[Activity]: In the records below, find the line with "Volant Sabelt Renault Sport (nouveau logo)", then copy each line exactly until you have copied the line with "Louis Vuitton, Bags, Authentic". Leave any picture out.

(Beginning of Data to examine)

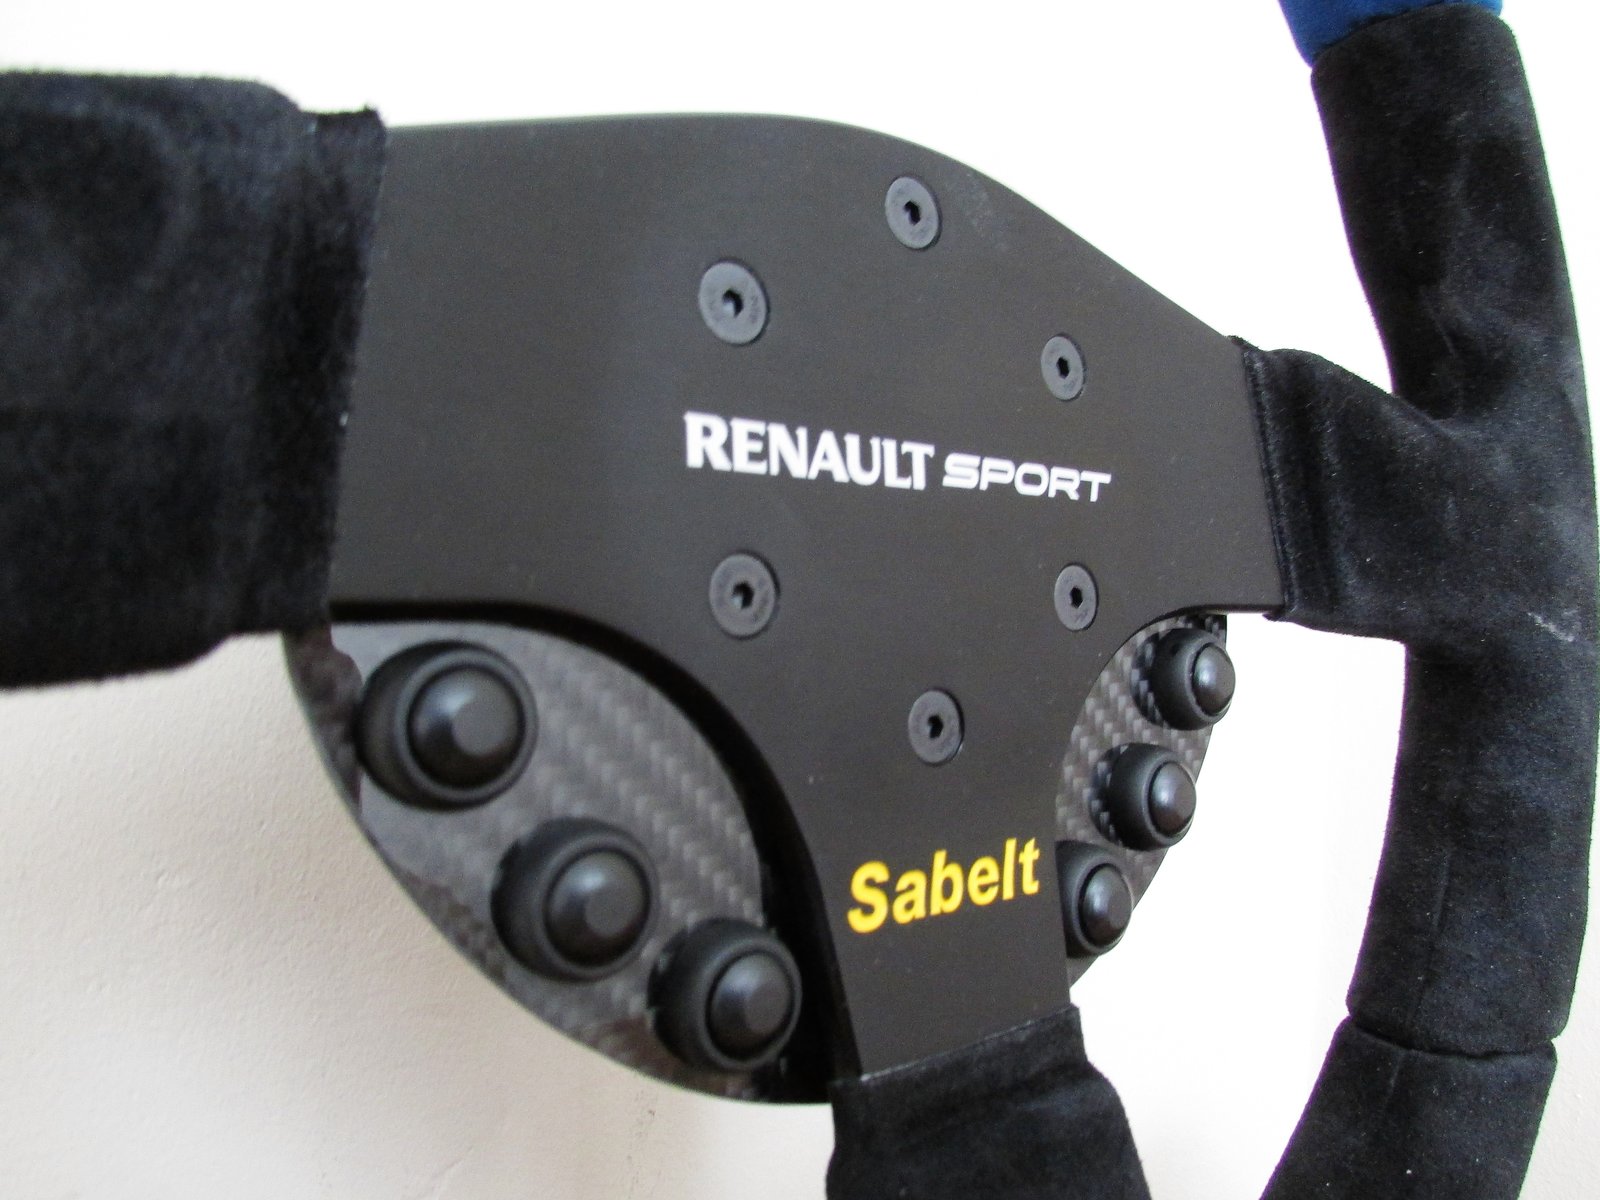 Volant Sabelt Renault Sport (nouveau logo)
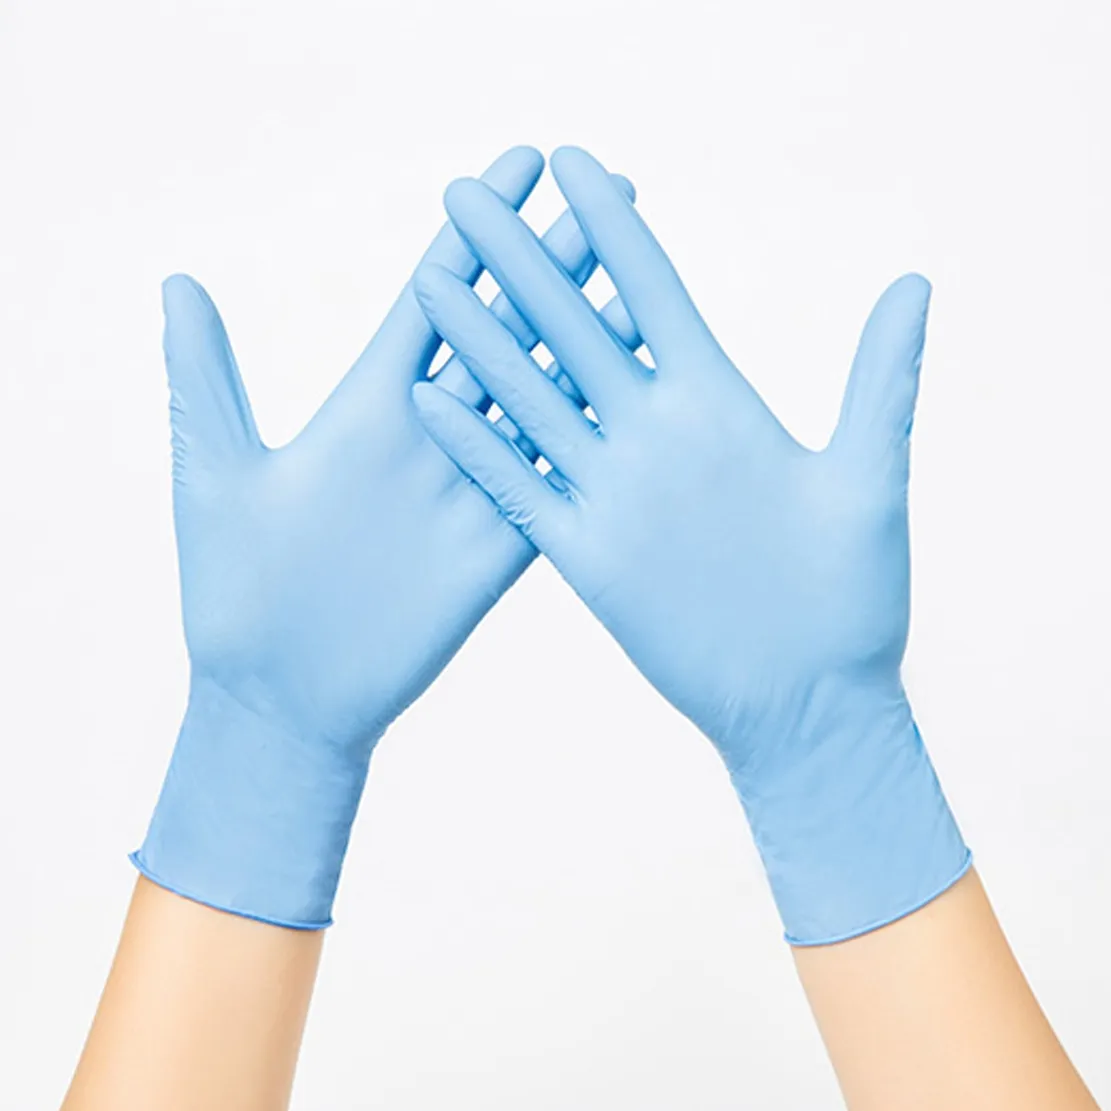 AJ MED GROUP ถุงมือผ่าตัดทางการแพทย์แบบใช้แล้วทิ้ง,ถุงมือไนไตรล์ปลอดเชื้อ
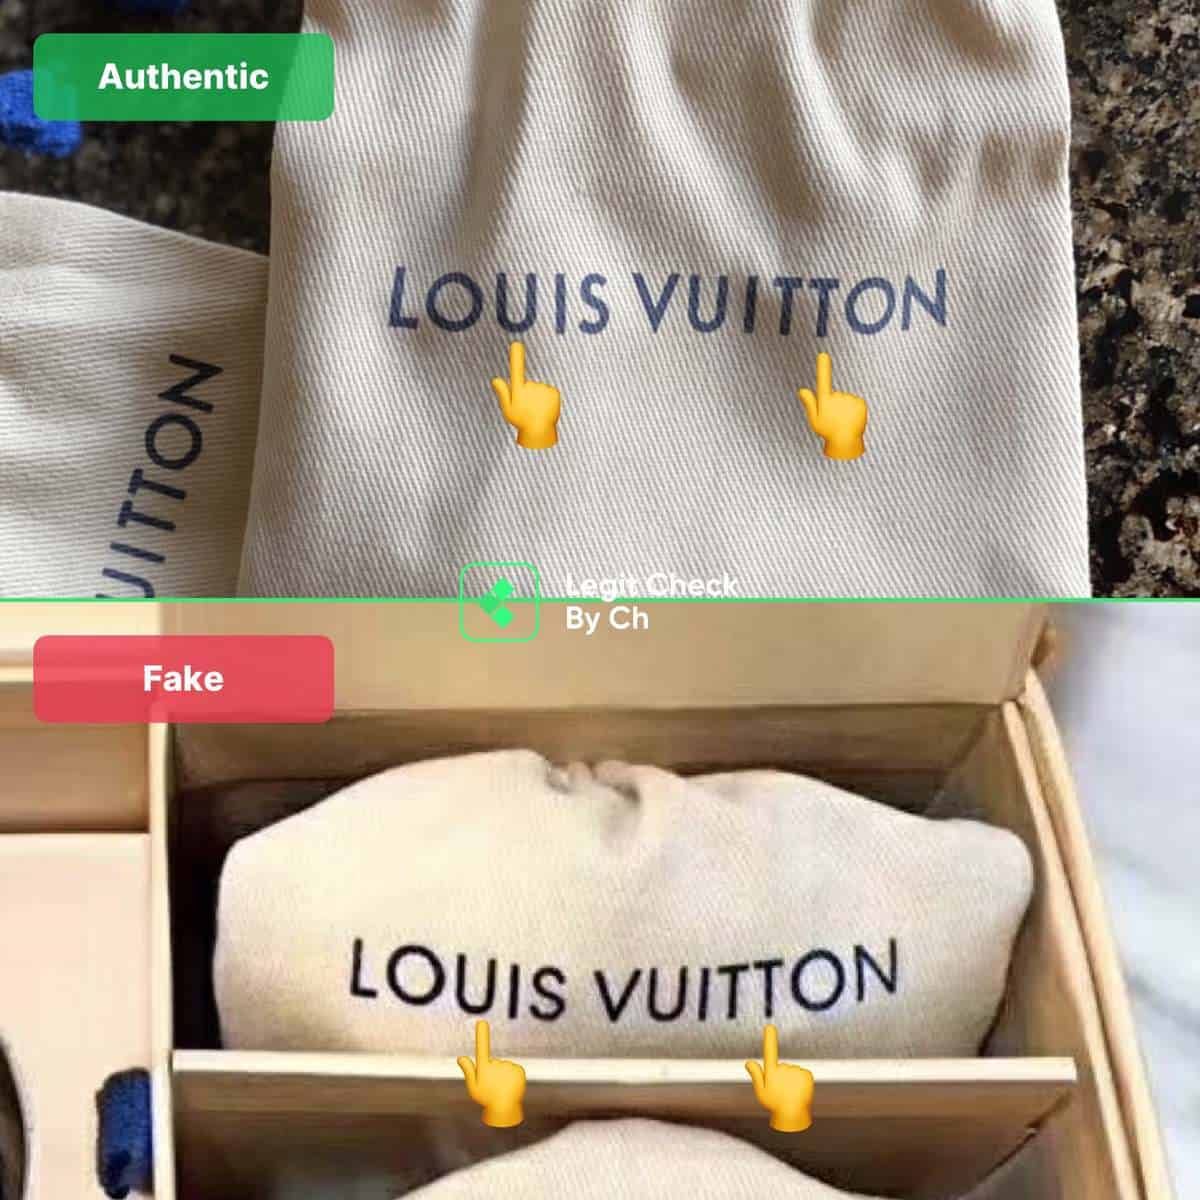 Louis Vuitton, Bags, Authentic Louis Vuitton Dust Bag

(End of Data to examine)
(Beginning of Data to examine)

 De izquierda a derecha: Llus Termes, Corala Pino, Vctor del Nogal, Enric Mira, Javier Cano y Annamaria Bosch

(End of Data to examine)

[Answer box]:
 Volant Sabelt Renault Sport (nouveau logo)
 AJ MED GROUP ถุงมือผ่าตัดทางการแพทย์แบบใช้แล้วทิ้ง,ถุงมือไนไตรล์ปลอดเชื้อ
 Louis Vuitton, Bags, Authentic Louis Vuitton Dust Bag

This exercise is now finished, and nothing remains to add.